Poker Variants: Omaha & Limits

Texas Hold’em is the poker format we have discussed so far. It’s rather conservative insofar that the pace of the gameplay is concerned. However, there is another version of the game known as Omaha – and it’s quite popular as well.

Unlike Texas Hold’em, in Omaha players receive four hole cards to themselves in the pre-flop stage, giving the entire game a far more aggressive overall pace. Players seldom fold in the pre-flop, which is very common in Texas Hold’em.

What about fixed/pot limit and no limit? Pot and fixed limit usually means that you cannot exceed a specific betting limit. However, in no limit you can bet all your chips if you want when your turn arrives.

Texas Hold’em is considered the most popular game, because it offers more time to create strategies, but there are very strong Omaha players out there, with the format growing in terms of popularity.

Poker Terminology 

Poker nomenclature is quite popular even outside the game and you must have heard ‘all in’ on at least one occasion.  Here are a few terms that you should become familiar with:

Australia Texas Hold'em Strategy

  • All-in – A bet whereby the player commits his or her entire pot of chips. This bet can be made to meet an opponent’s larger bet, especially when a player doesn’t have enough chips left to bet against it.
  • Small blind – The first bet made by the player to the left of the dealer.
  • Big blind – The player second to the left of the dealer who generally bets twice the amount of the small blind.
  • Call – The act of matching the big blind or any former bet so far.
  • Check – When a player decides to not raise bets and just waits to see what the players after him or her do.
  • Raise – A player’s decision to match the current bet and raise the amount further.
  • Fold – The act of throwing one’s cards and withdrawing from the round.
  • Cash Game – A common online and offline format also known as ring games. Unlike tournaments, players can sit in and get up wherever they wish.
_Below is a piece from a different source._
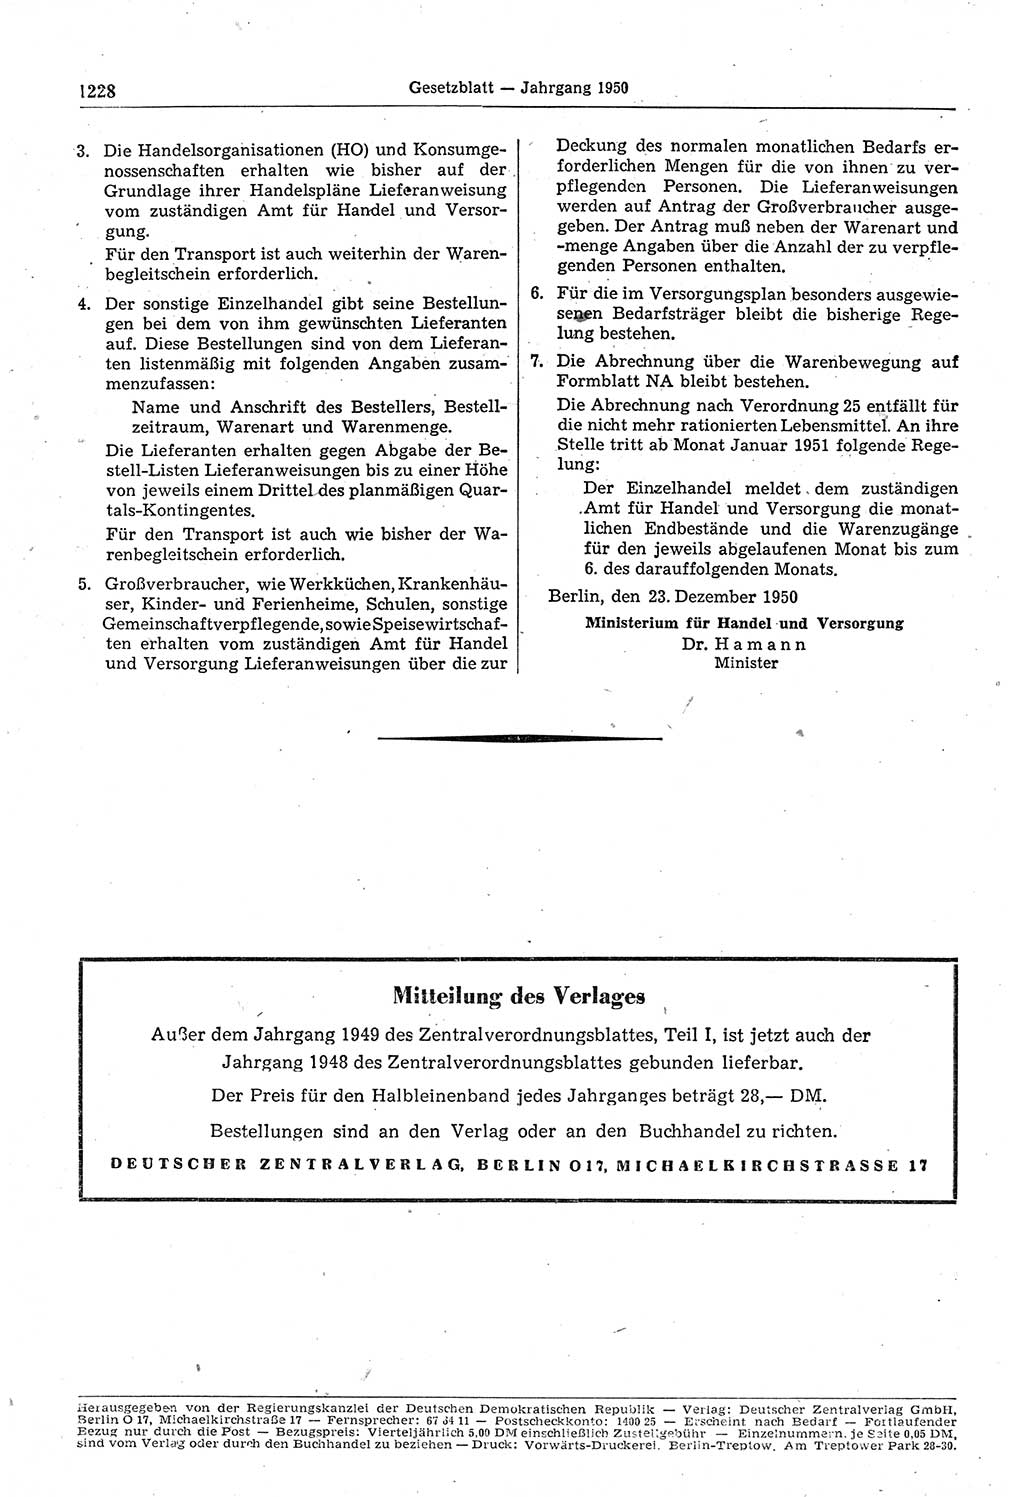 Gesetzblatt (GBl.) der Deutschen Demokratischen Republik (DDR) 1950, Seite 1228 (GBl. DDR 1950, S. 1228)

There are other specific terms that you may hear thrown around a poker table, but they could be restricted to geographical locations. For the most part, the terms listed here are the most common and useful ones.

Poker Odds & Probabilities

As mentioned earlier in this guide, any online poker strategy or real casino poker game pivots around the concept of mathematical probability. Now, this sounds scary but it’s not. There are two main terms we will introduce here:

  • Pot odds – Pot odds is the relationship between the size of the current pot to the size necessary for a player to stay in the pot. If, for example, the current pot is $30 and to call you need to spend another $10, then the odds are calculated as 30:10 or 3:1.
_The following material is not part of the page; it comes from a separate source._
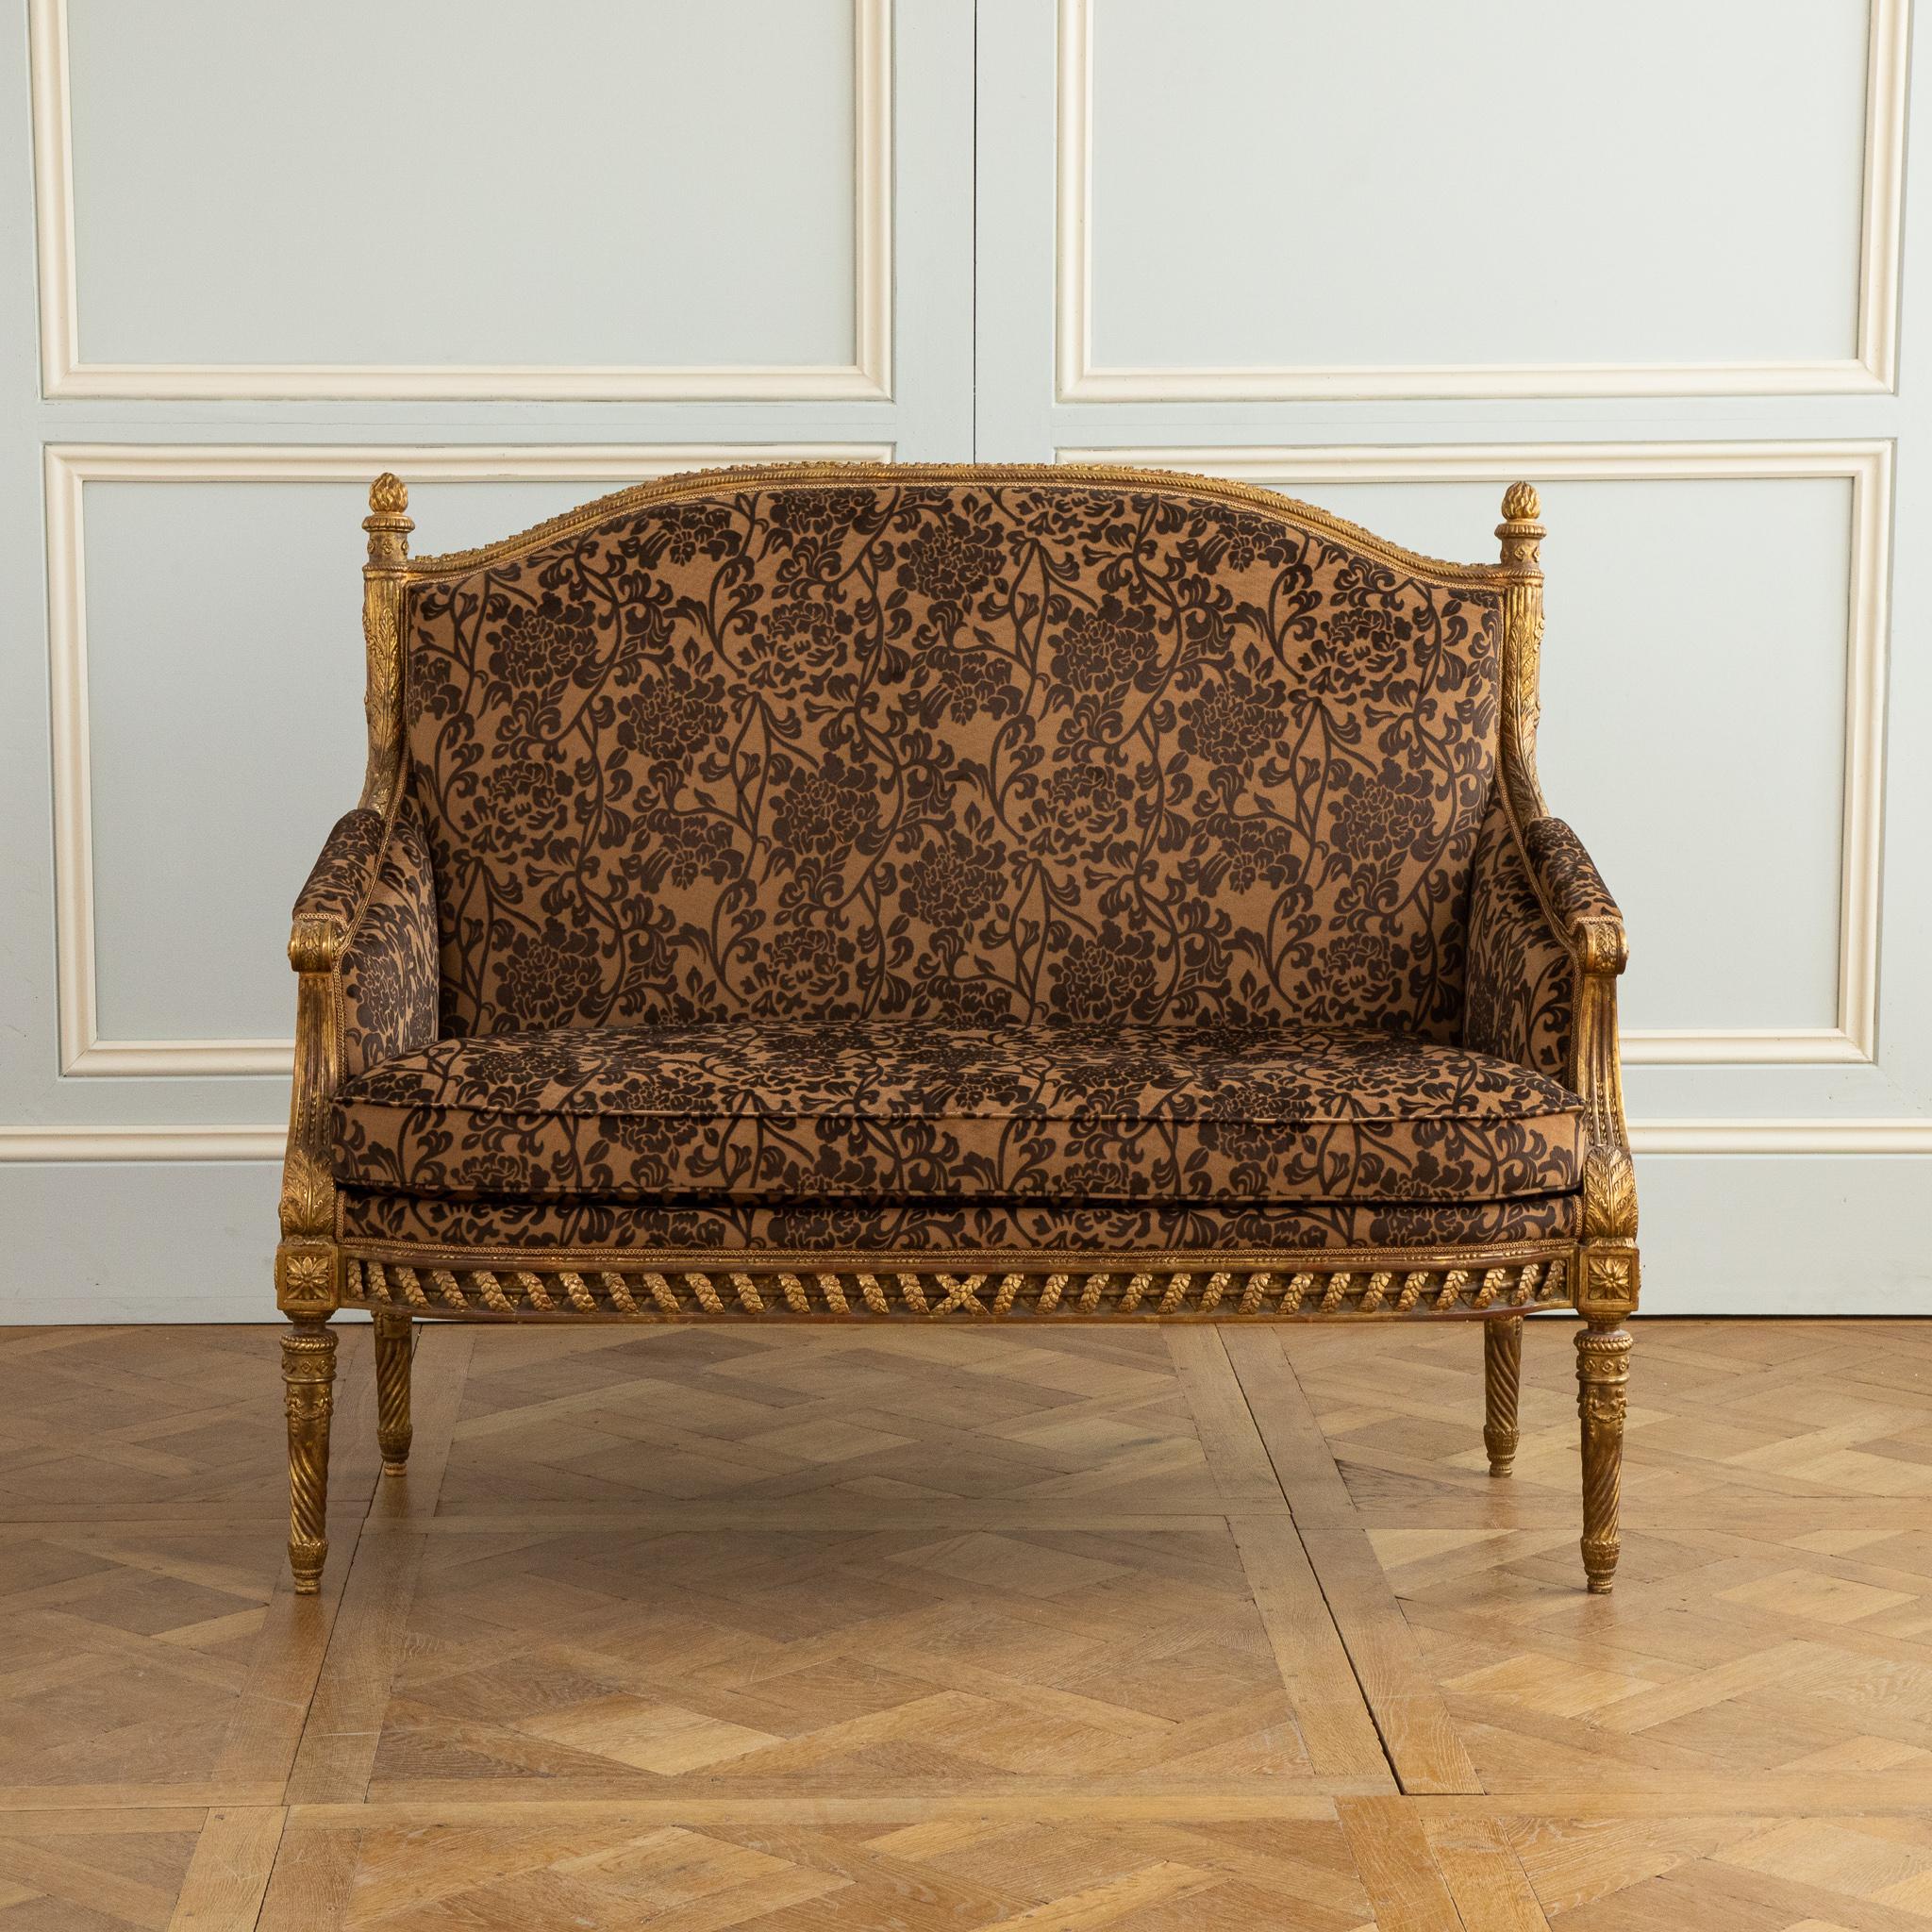 Ein Zweisitzer-Sofa im Louis-XVI-Stil mit exquisiten Schnitzereien von den besten Schnitzern von LML. Das Stück ist eine Replik eines Originals; es wurde nach den höchsten Standards hergestellt und mit einer handvergoldeten Patina versehen, die ein

Confused? Don’t be, because it really gets easier from here on. Add up 30+10 for 40 and then divide 10 by 40. Congratulations, you have just found out that your pot odds are 25%.

  • Odds of winning – Odds of winning are what your chances of having the best hand are. This is where it gets tricky. In theory, knowing that you have a 25% to win means that you could theoretically break even (based on our pot odds example), but you still need to calculate the likelihood yourself, using various metrics such as distinct hands, frequency, and more.

Even then, you must remember that there are quite a few unknowns that can throw a spanner in the works. So, you see – poker is gambling, but if you are playing optimally, the gambling element is reduced and a complex set of trained and taught skills takes over.

Ultimate Poker Tips

Each player has a range of poker tips they have picked up and stick with. This is a compilation of such tips that have proven invaluable to disciplined poker aspiring professionals:

  1. Play when you are confident that you have something – Players think that they should ‘try their luck,’ but there is no luck. If you have a good hand and intend to play, make sure you do. Faltering in mid-game would strip you from your ability to bluff efficiently. All hands must be delivered with confidence.
  2. Don’t call the Big Blind preflop – Don’t encourage players before you have information you can work with and avoid ‘limping,’ or simply calling the big blind right away.
  3. Big Blinds should use their advantage – You have already committed and have a whole table of players who are about to make up their minds what to do next.
  4. Be aggressive with your strong hands – Don’t let a great hand escape you and make sure you play it optimally so you may build an advantage and amass a chip lead.
  5. If in doubt, fold – It takes a big player to fold when they aren’t sure. Many give in to temptation and play on a hunch, but all poker pros agree that when you aren’t entire convinced in the strength of your hand, folding is the best policy.
  6. Find the tables where you can dominate – There is no shame in seeking out cash games where you are the more experienced player. The only way to amass money from grinding is to focus on a somewhat less experienced opponents, before you break into the higher echelons of poker.
  7. Don’t force yourself to play – While you must be persistent in your play, you shouldn’t force yourself. It’s a good idea to practice daily and learn new things, but you also must do it on a fresh mind and not after a tiring day.
  8. Enter poker tournaments online – One of the best ways to get a feeling of what a tournament looks like is to find one online. Remember that online tournaments are usually more accommodating – play your best and don’t worry about making it until the end, just focus on the game in front of you.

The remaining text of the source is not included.